CC 2008 convened at the end of May to answer anew that question. As usual, a few dozen leading economists and area experts met to tackle "ten challenges" that face the planet, and small groups produced position papers on their analyses of said challenges. These broad categories include "conflicts," "sanitation and water," "education," "terrorism" and "women and development."  Reason has a good rundown of the 2008 program. The conclusions seem fairly obvious but at times, surprise in their simplicity.

For example, the number three Copenhagen Consensus priority is fortifying foods with iron and iodized salt. Two billion people do not have enough iron in their diets which results in energy sapping anemia and cognitive deficits in children and adults. Lack of iodine stunts both physical and intellectual growth. More than 30 percent of developing country households do not consume iodized salt.

It's nice to see someone try to tally up the challenges facing our species and propose flexible, multipurpose solutions. But, Reason goes on:

So what proposed solutions are at the bottom of the list? At number 30, the lowest priority is a proposal to mitigate man-made global warming by cutting the emissions of greenhouse gases. This ranking caused some consternation among the European journalists at the press conference. Nobelist and University of Maryland economist Thomas Schelling noted that part of the reason for the low ranking is that spending $75 billion on cutting greenhouses gases would achieve almost nothing. In fact, the climate change analysis presented to the panel found that spending $800 billion until 2100 would yield just $685 billion in climate change benefits.
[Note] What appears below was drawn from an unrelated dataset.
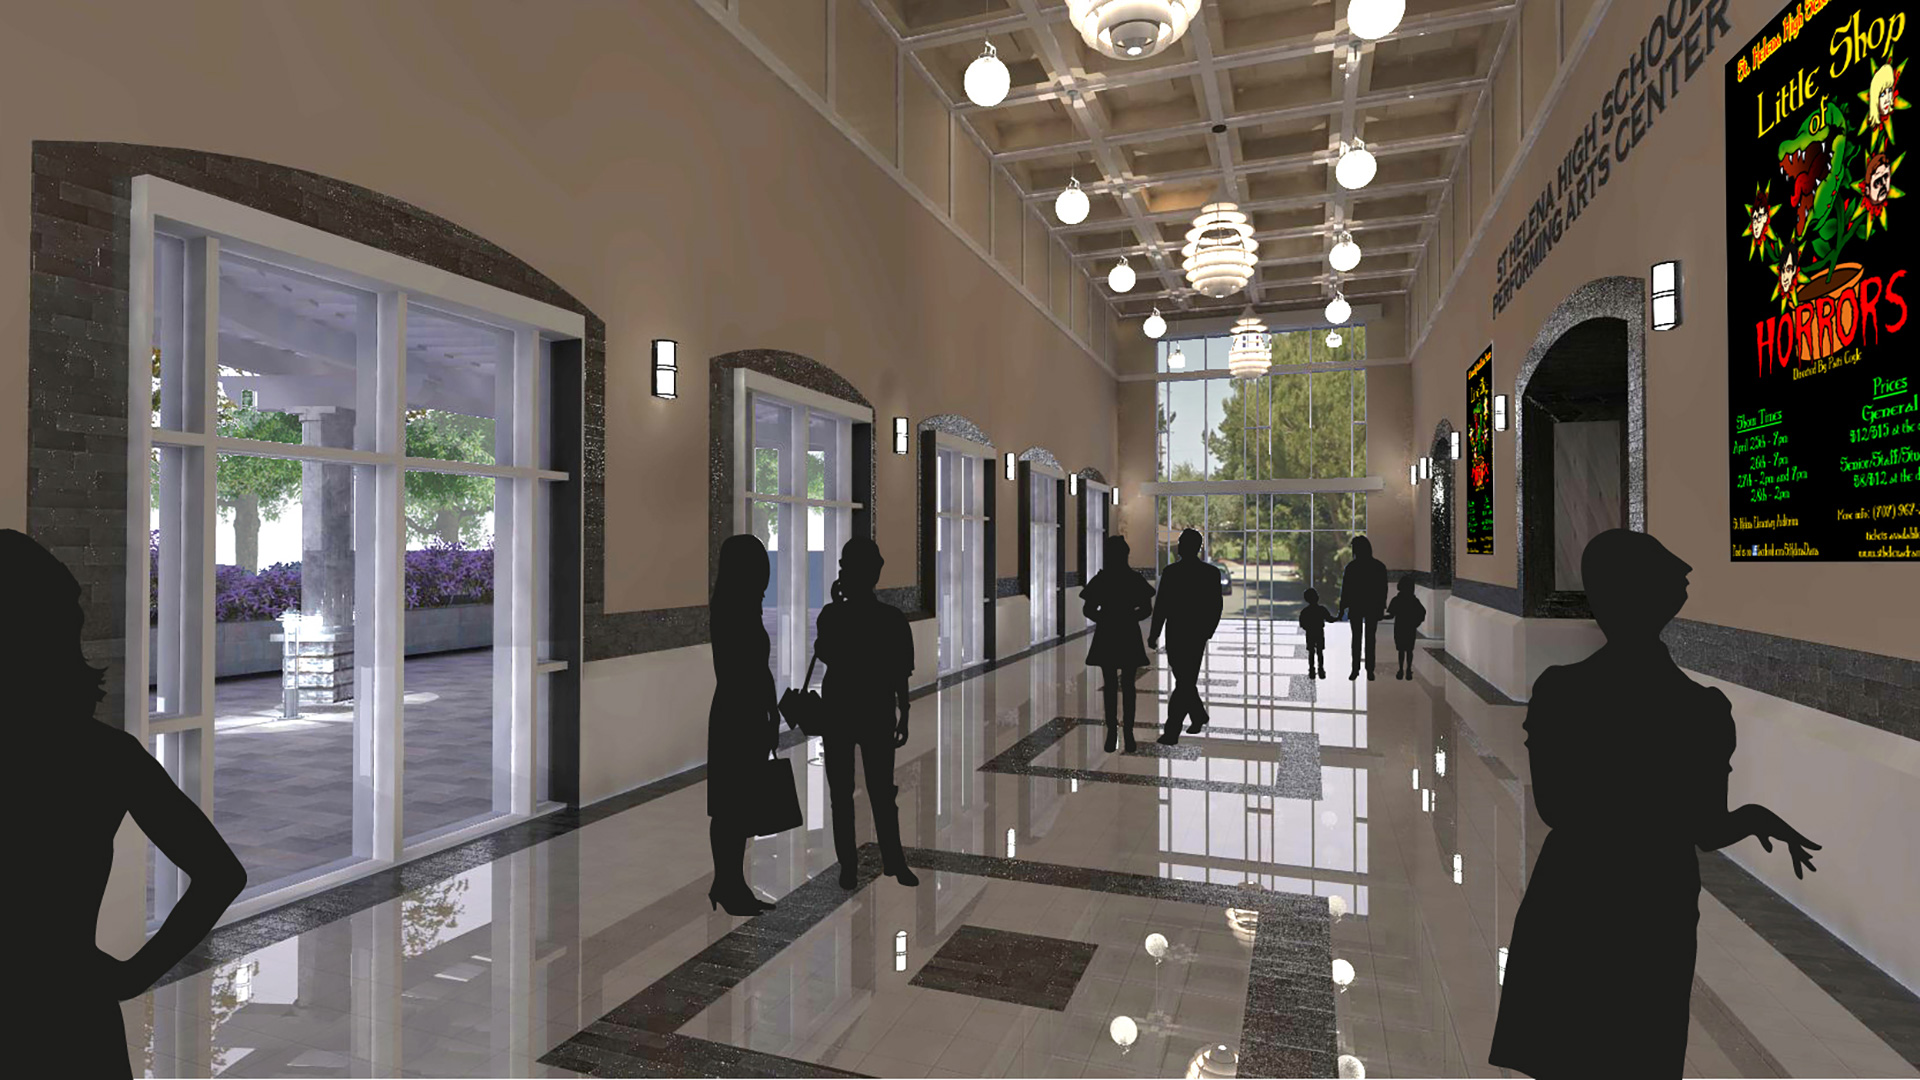 Rendering of conceptual foyer and box office, closely resembling final built foyer.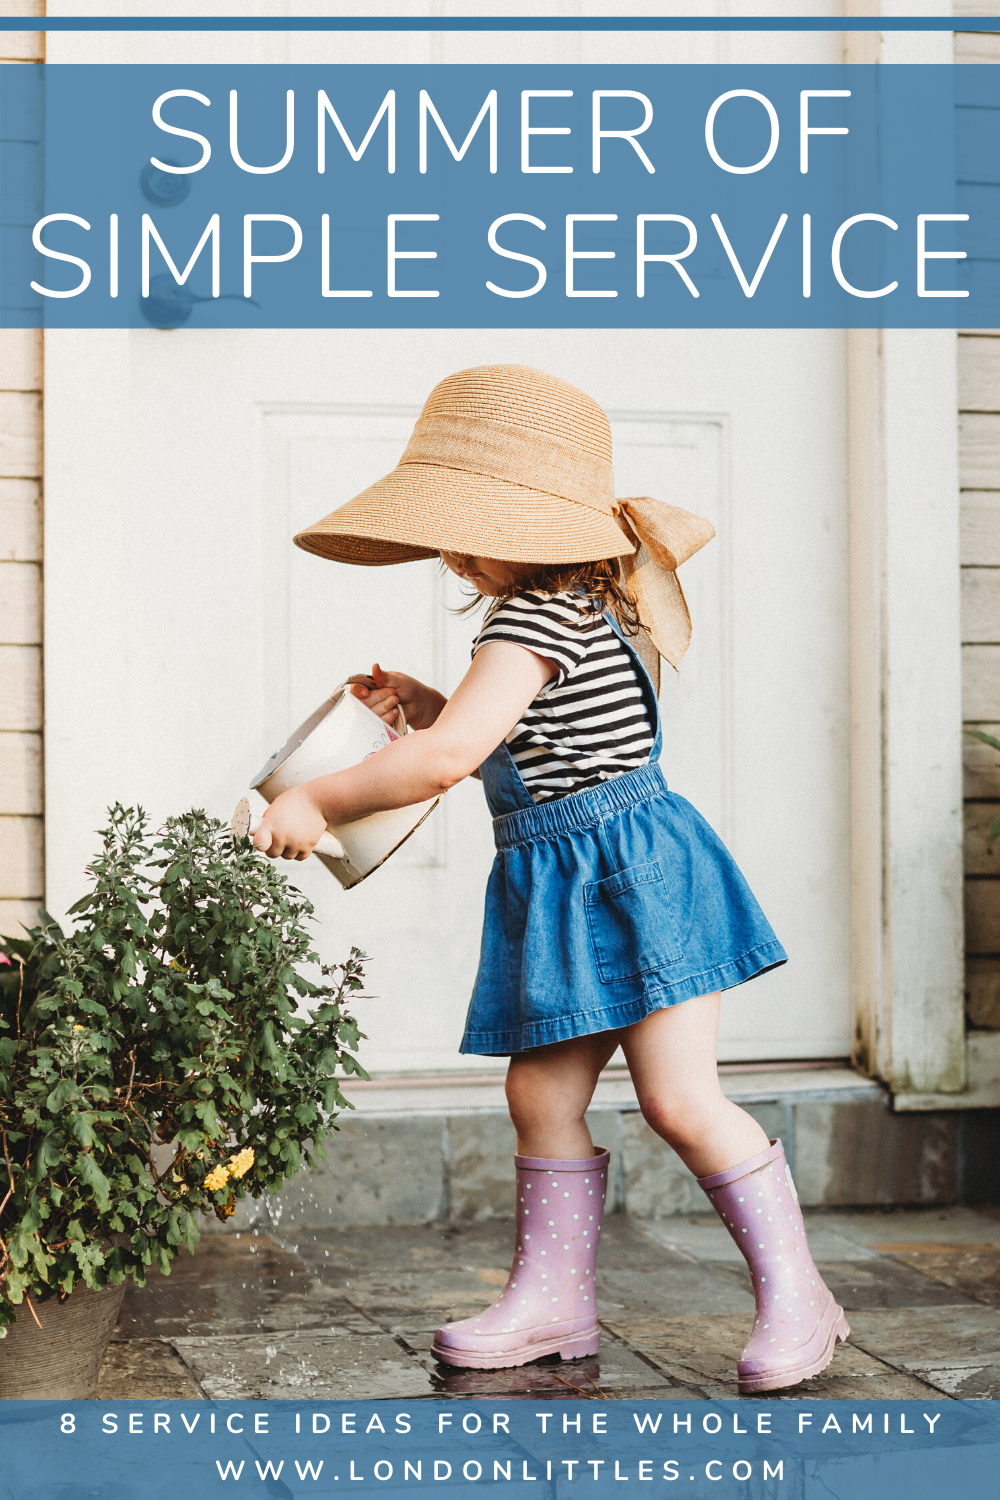 simple service activities for the whole family

Yowch. More pearls from the "we can't afford to act" chorus. Two thoughts in response: Cost-benefit analyses have their place in discussions of how to save the world. Resources are finite, after all. But the CC's cold calculus can be dangerous and impractical (combating terrorism, eg, is ranked poorly, because "we get just nine cents of value for every dollar spent trying to stop terrorists").

And--as I've flogged consistently--environmentalists in particular have embraced a more interdisciplinary approach to their desired end of curbing global warming. Many understand the need to examine poverty, refugees, water wars and the built environment across the globe as part of any logical response to climate change. Even the now-mainstream refrain of "reducing our dependence on foreign oil" contains a whiff of the geopolitical in its essentially environmental frame. So the CC attempt to re-silo the argument on climate action seems out of step with proliferating green activism and policymaking.

Relatedly, more than a few suspect the now-biennial conferences are an elaborate smoke screen for the stubborn views of one anti-Kyoto crusader, Bjorn Lomborg. Lomborg, a founding partner of the Copenhagen program, thinks we could be allocating capital much more effectively than to throw it down the rathole of greenhouse gas caps. Here he is in 2004, writing, ironically, through an either/or lens that pits poverty and disease against climate action, or--dare I say--consensus.

I'm not sure this delegitimizes any of the other duly-diligent analyses and recommendations from the experts flown out for Lomborg's project. But the agenda-driven "consensus" makes the gathering seem a little more Dharma Initiative than Manhattan Project.